• _WHAT THE EXERCISE ASKS_
Extract the full listing verbatim and drop any pictures from your copy.

• _INFORMATION PROVIDED_
BEGIN
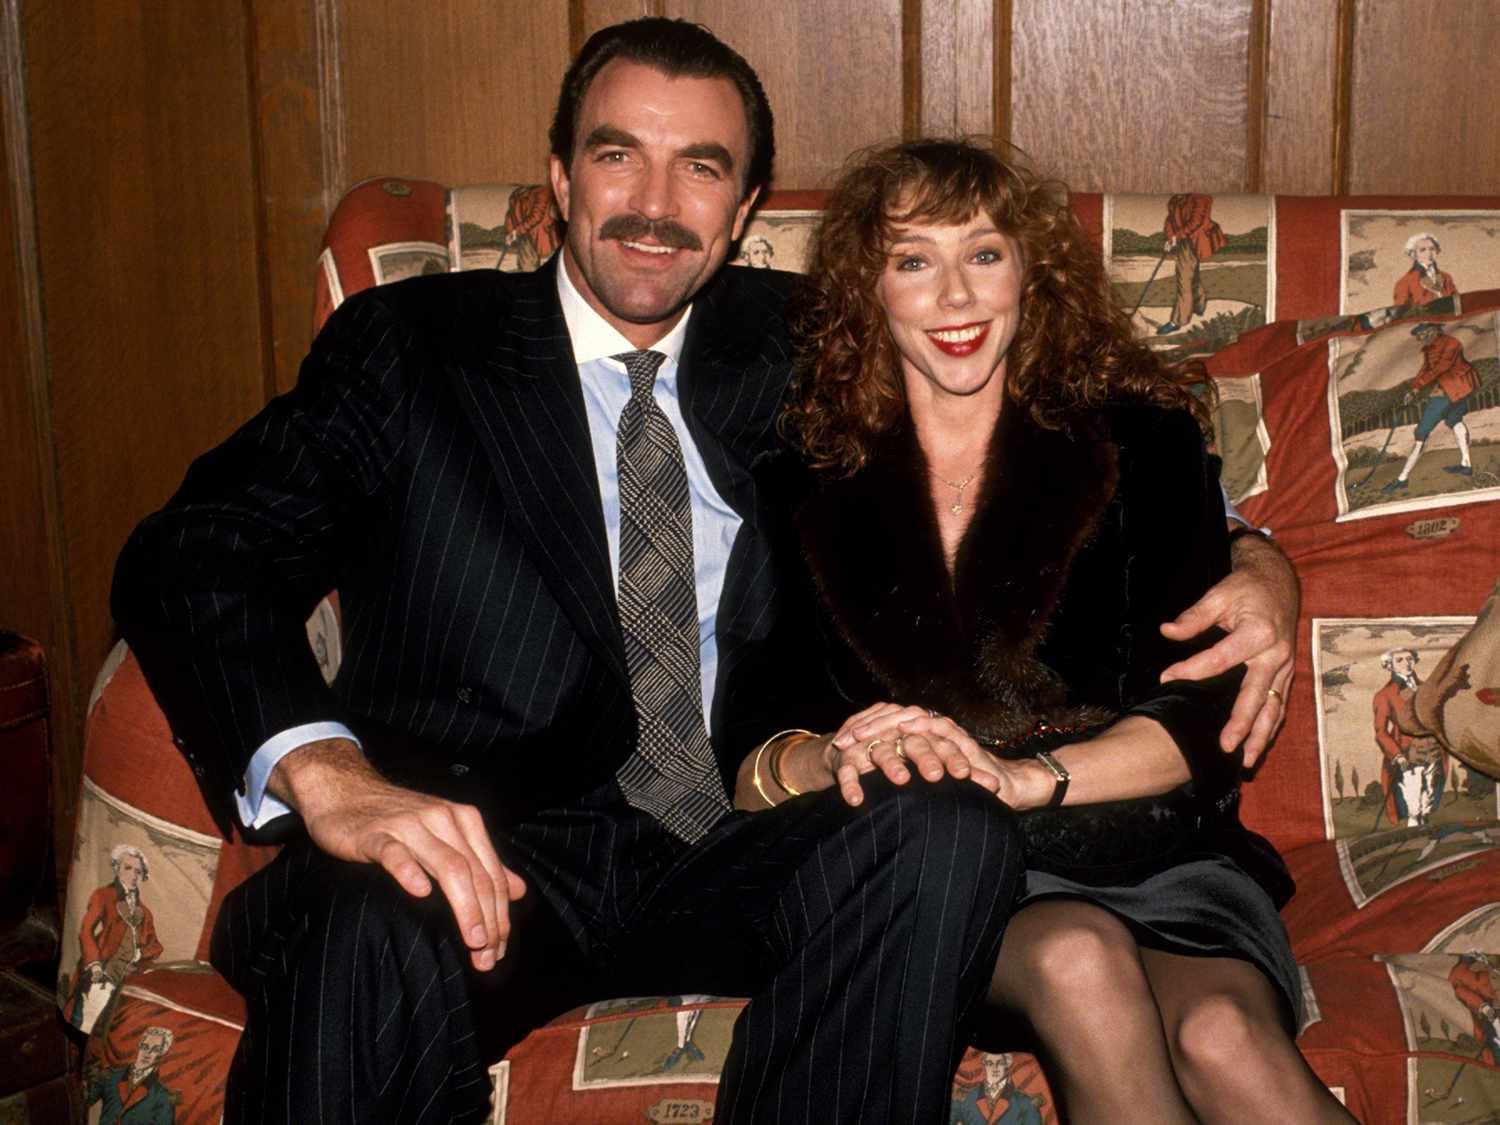 Tom Selleck and wife Jillie Mack circa 1989 in New York City
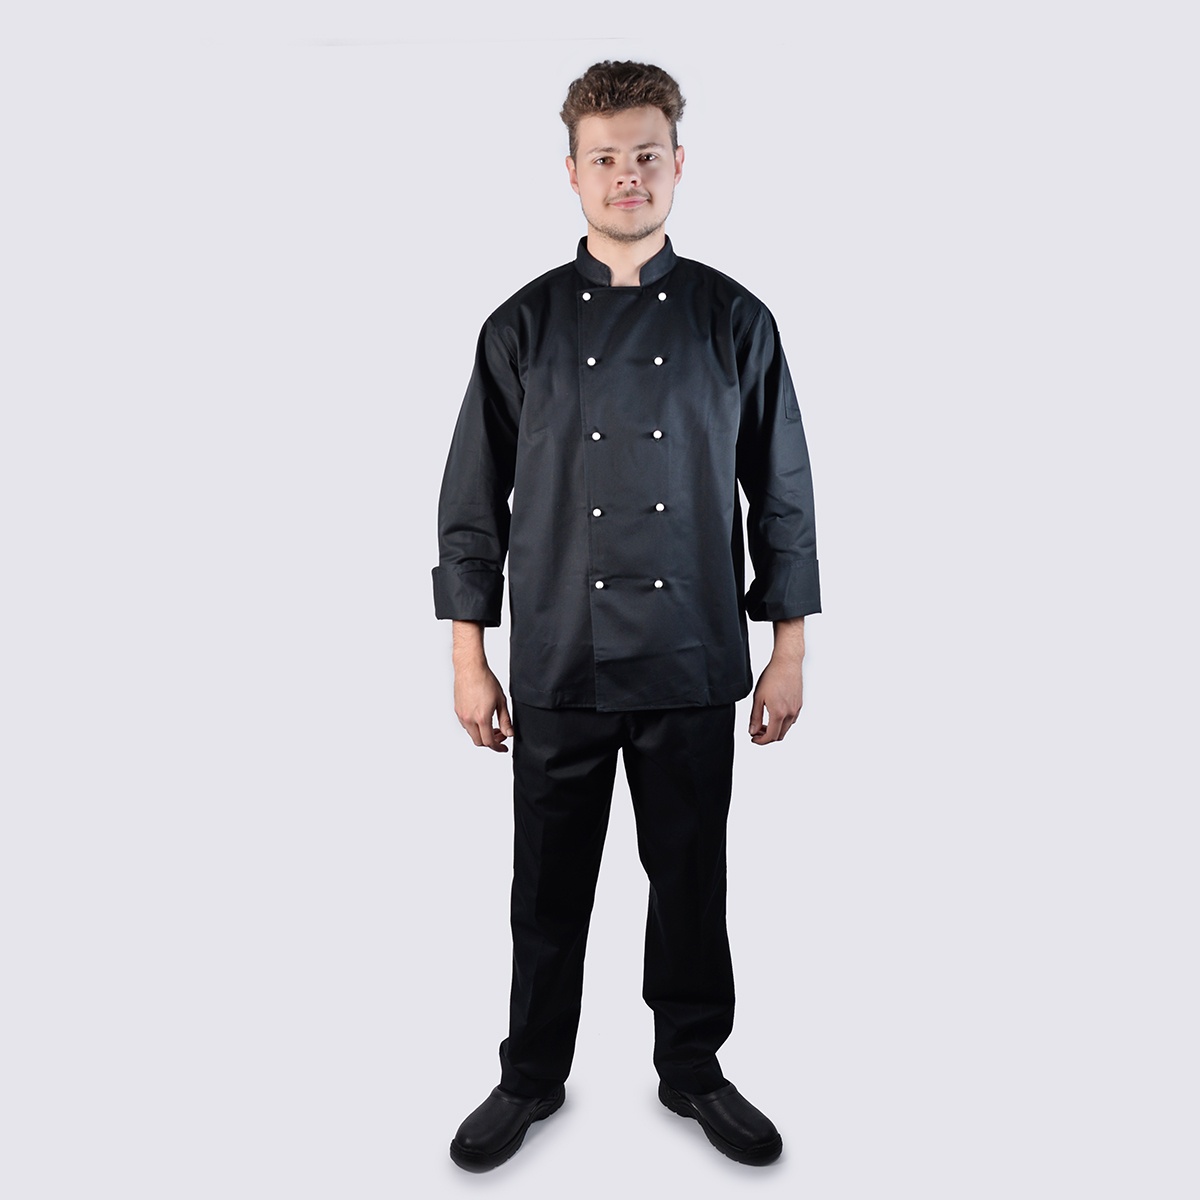 Chef Jacket Black Long Sleeve + Black Pant
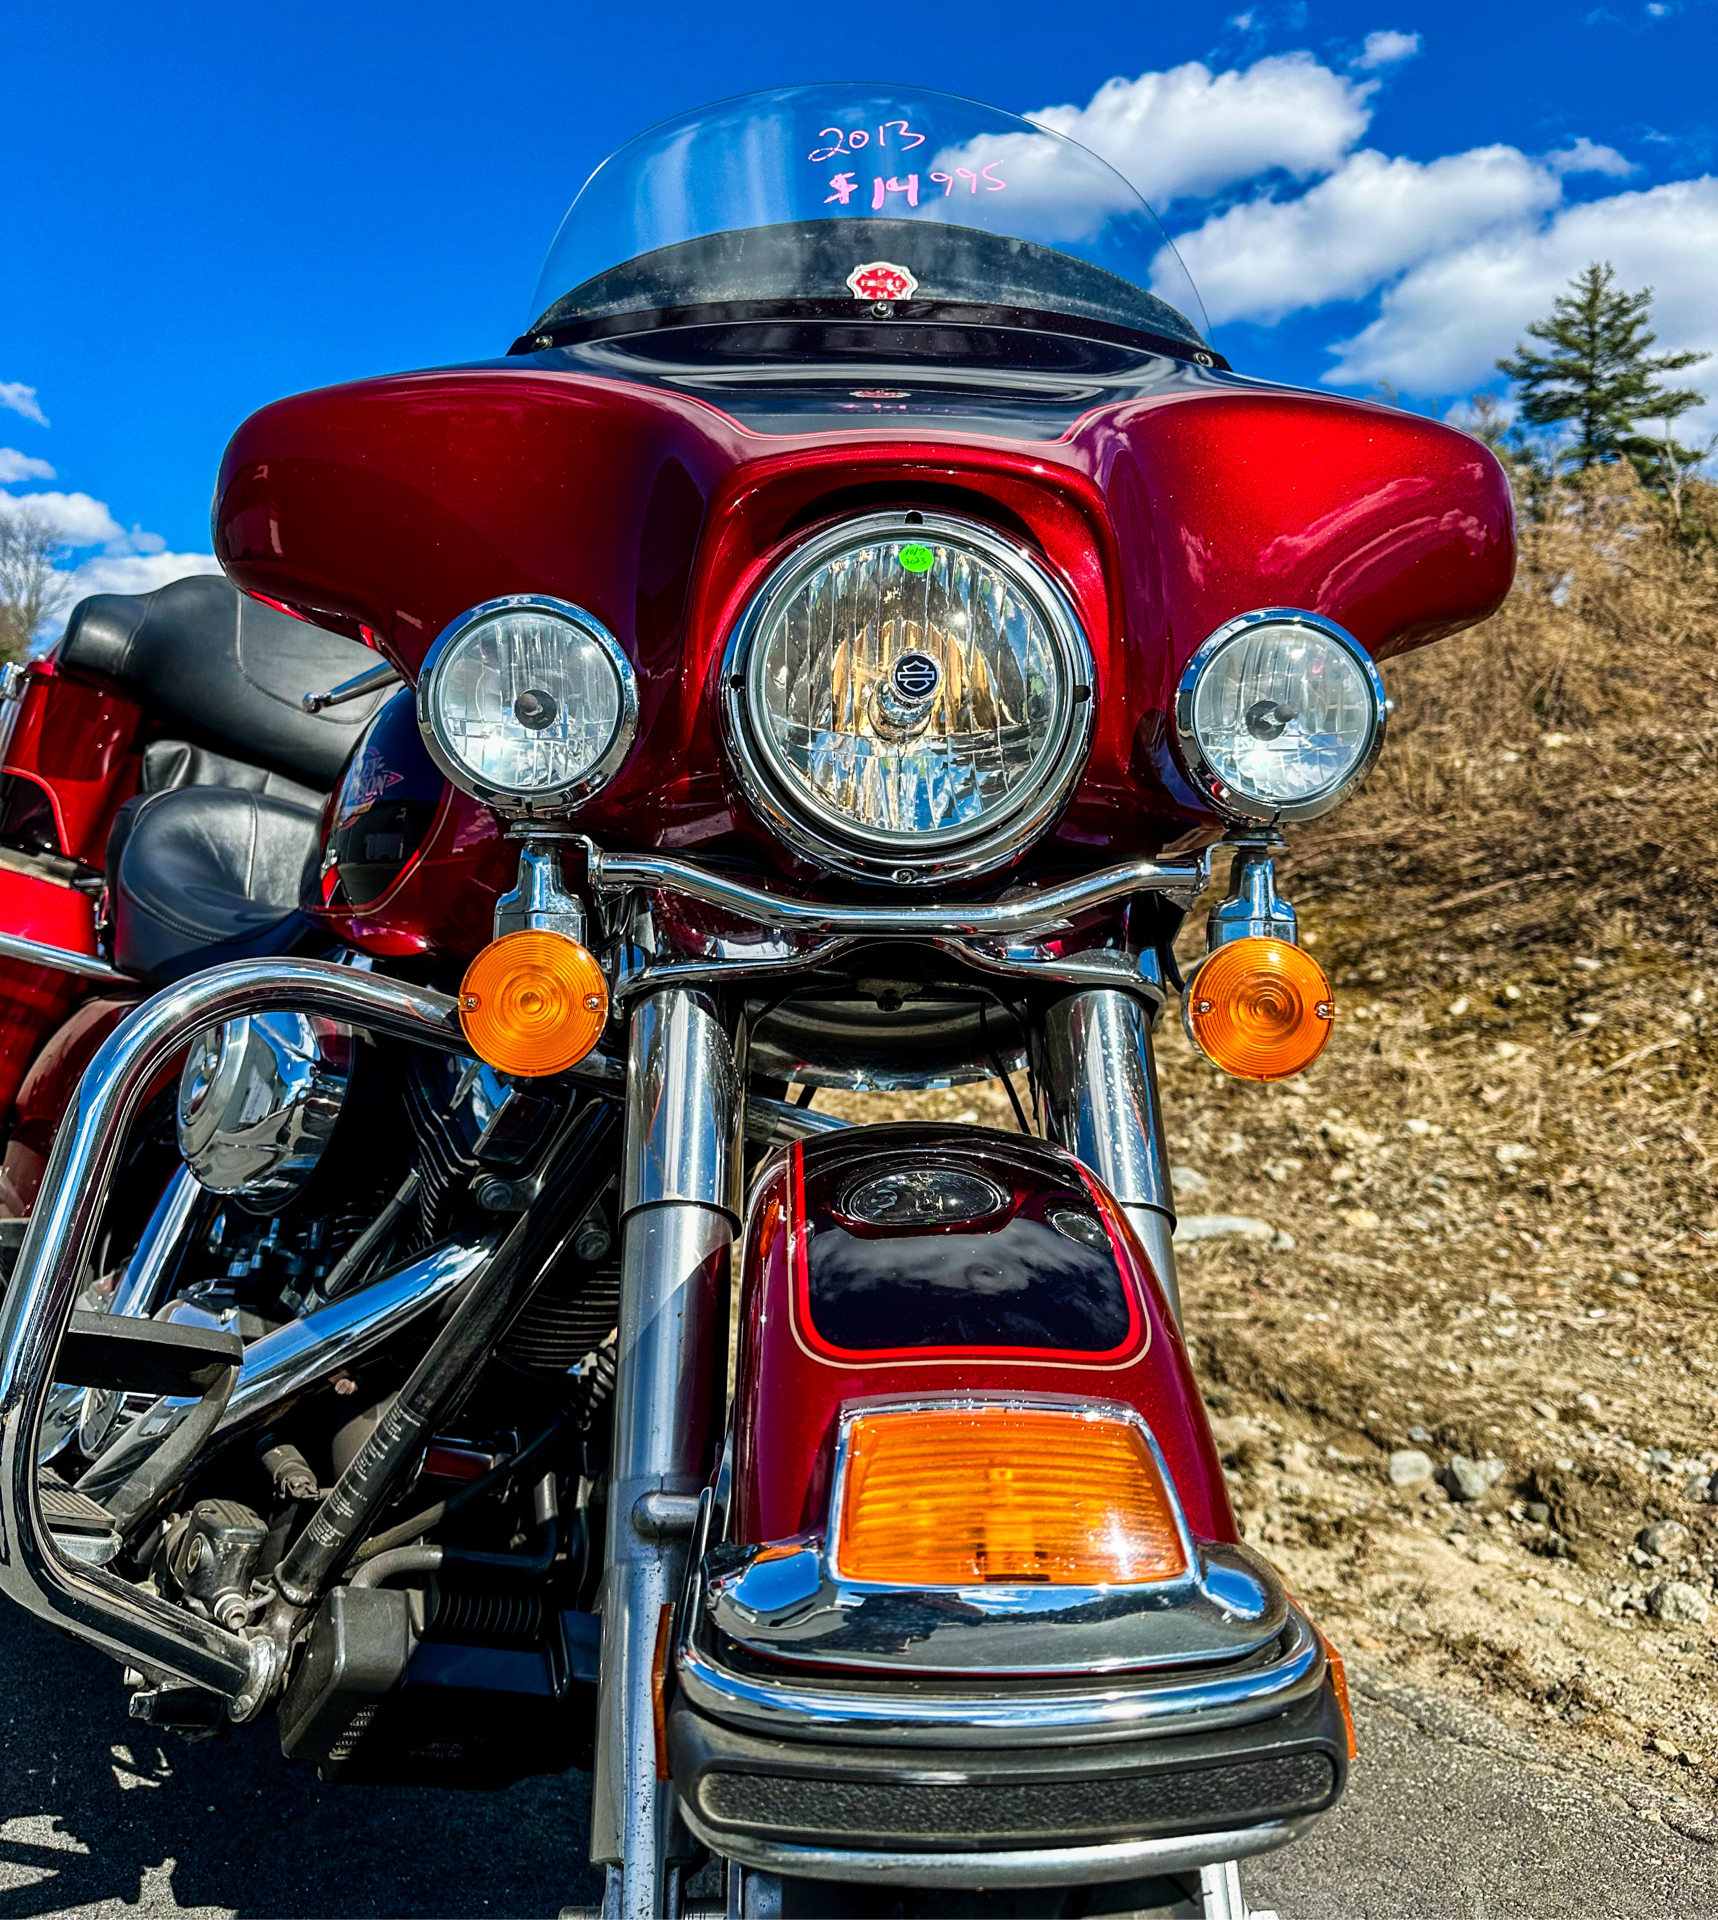 2013 Harley-Davidson Electra Glide® Classic in Foxboro, Massachusetts - Photo 30
END
• _FINISHED TASK_
 Tom Selleck and wife Jillie Mack circa 1989 in New York City
 Chef Jacket Black Long Sleeve + Black Pant
 2013 Harley-Davidson Electra Glide® Classic in Foxboro, Massachusetts - Photo 30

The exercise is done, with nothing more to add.